During his career, he starred as a voice actor in several animated films. His voice role as the Genie in the animated, musical fantasy film, Aladdin (1992) was written specifically for Williams. The film's directors stated that they took a risk by writing the role, and successfully convinced him to take it.[80] Through approximately 30 hours of tape,[12] Williams was able to improvise much of his dialogue and impersonated dozens of celebrity voices, including Ed Sullivan, Jack Nicholson, Robert De Niro, Groucho Marx, Rodney Dangerfield, William F. Buckley, Peter Lorre, Arnold Schwarzenegger and Arsenio Hall.[81] At first, Williams refused to take the role since it was a Disney movie, and he did not want the studio profiting by selling toys and novelty items based on the movie.

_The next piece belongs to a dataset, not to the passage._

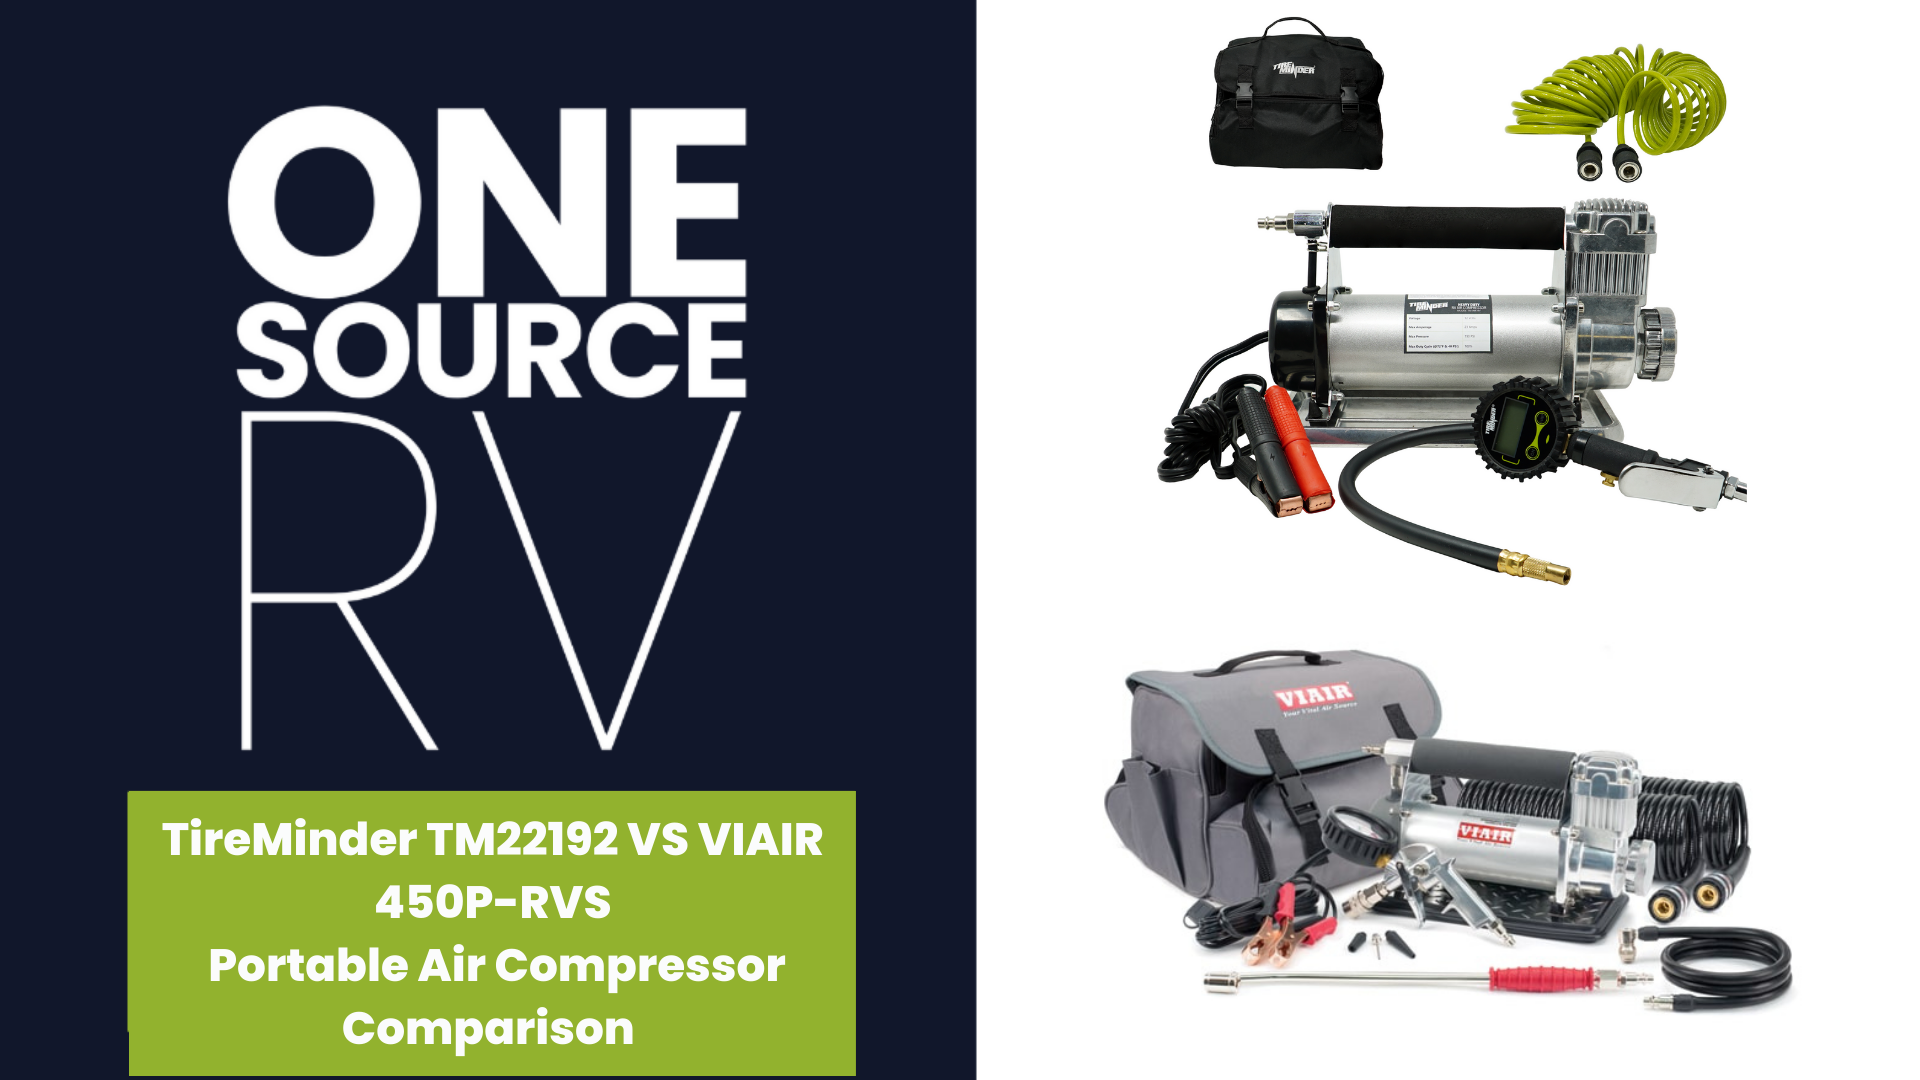 TireMinder TM22192 VS VIAIR 450P-RVS Portable Air Compressor Comparison
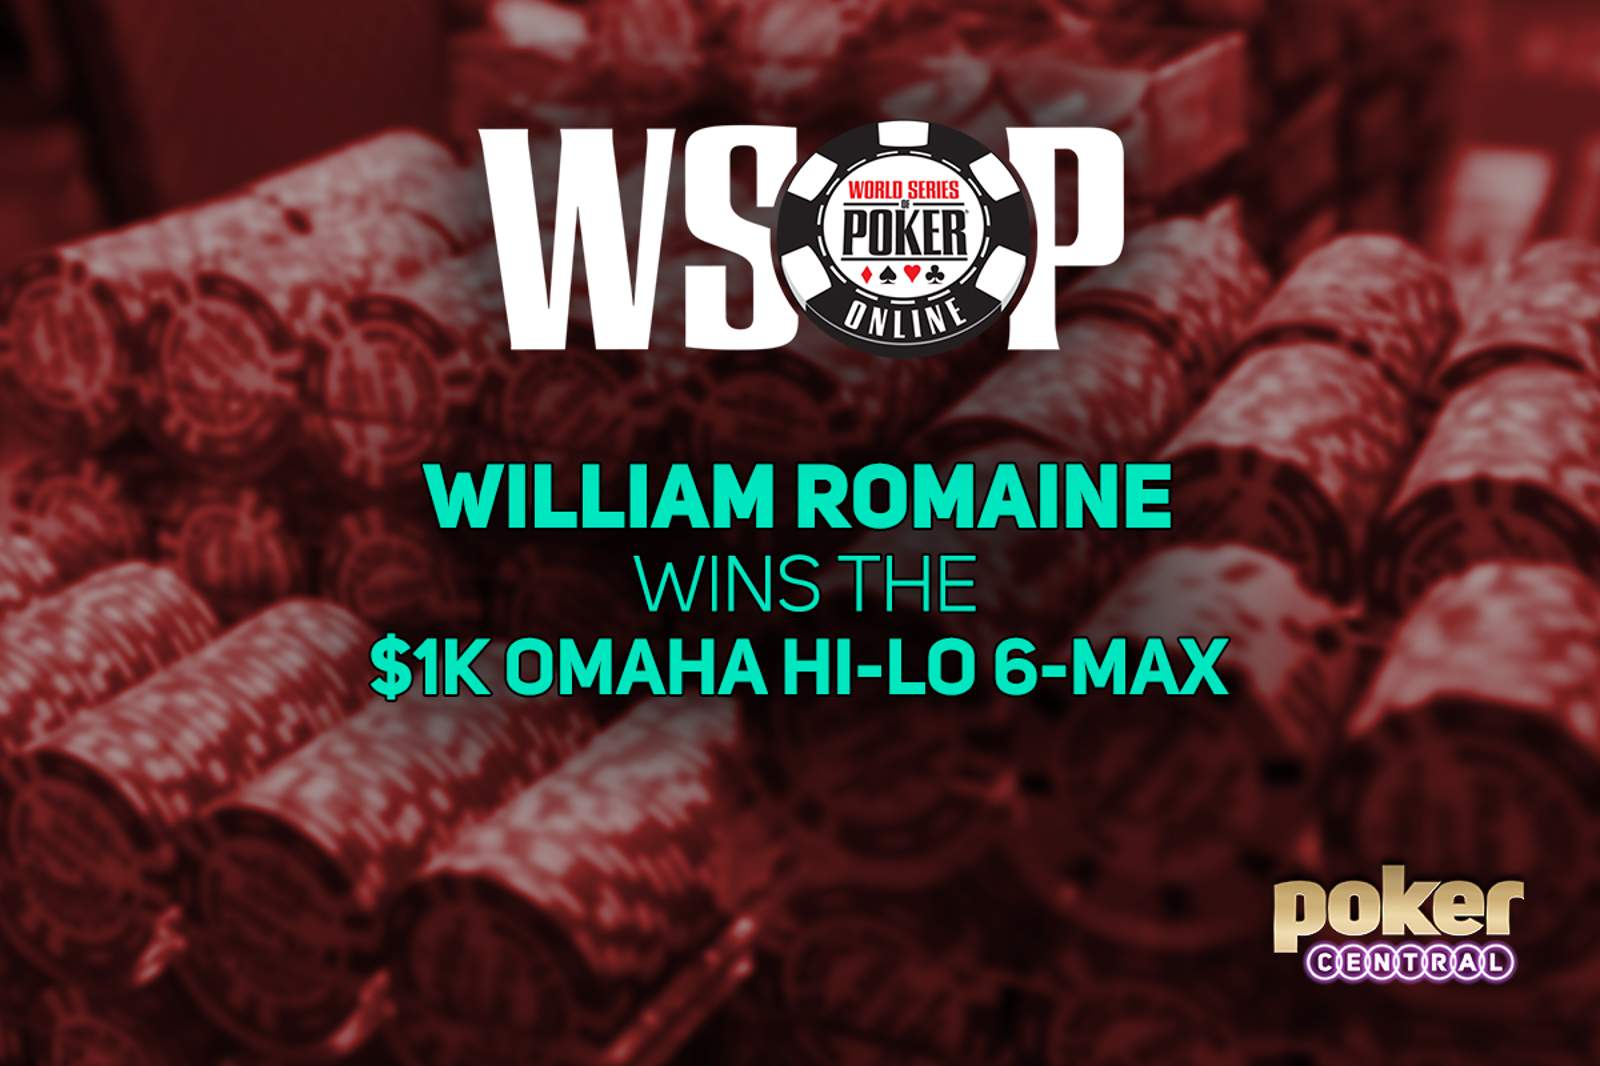 William Romaine Wins First Bracelet in WSOP Online $1,000 Omaha Hi-Lo 6-Max for $110,673

He accepted the role with certain conditions: "I'm doing it basically because I want to be part of this animation tradition. I want something for my children. One deal is, I just don't want to sell anything — as in Burger King, as in toys, as in stuff."[82] The film went on to become one of his most recognized and best loved roles, and was the highest grossing film of 1992, winning numerous awards, including a Golden Globe for Williams; Williams's performance as the Genie led the way for other animated films to incorporate actors with more star power for voice acting roles.[83]

Williams continued to provide voices in other animated films, including FernGully: The Last Rainforest (1992), Robots (2005), Happy Feet (2006), and an uncredited vocal performance in Everyone's Hero (2006). He also voiced the holographic Dr. Know character in the live-action film A.I. Artificial Intelligence (2001). He was the voice of The Timekeeper, a former attraction at the Walt Disney World Resort about a time-traveling robot who encounters Jules Verne and brings him to the future.[84]

Williams was a devoted fan of Issac Asimov, and his interest in Asimov was reflected in his selection of the lead role in the 1999 film Bicentennial Man, the story of a robot that seeks to become human over 200 years, which was based on the 1976 Asimov short story The Bicentennial Man. [85] [86]In 2006, he starred in The Night Listener, a thriller about a radio show host who realizes that a child with whom he has developed a friendship may or may not exist; that year, he starred in five movies, including Man of the Year,[72] was the Surprise Guest at the Nickelodeon Kids' Choice Awards[87] and appeared on an episode of Extreme Makeover: Home Edition that aired on January 30, 2006.[88]

At the time of his death in 2014, Williams had appeared in four movies not yet released: Night at the Museum: Secret of the Tomb, A Merry Friggin' Christmas, Boulevard and Absolutely Anything.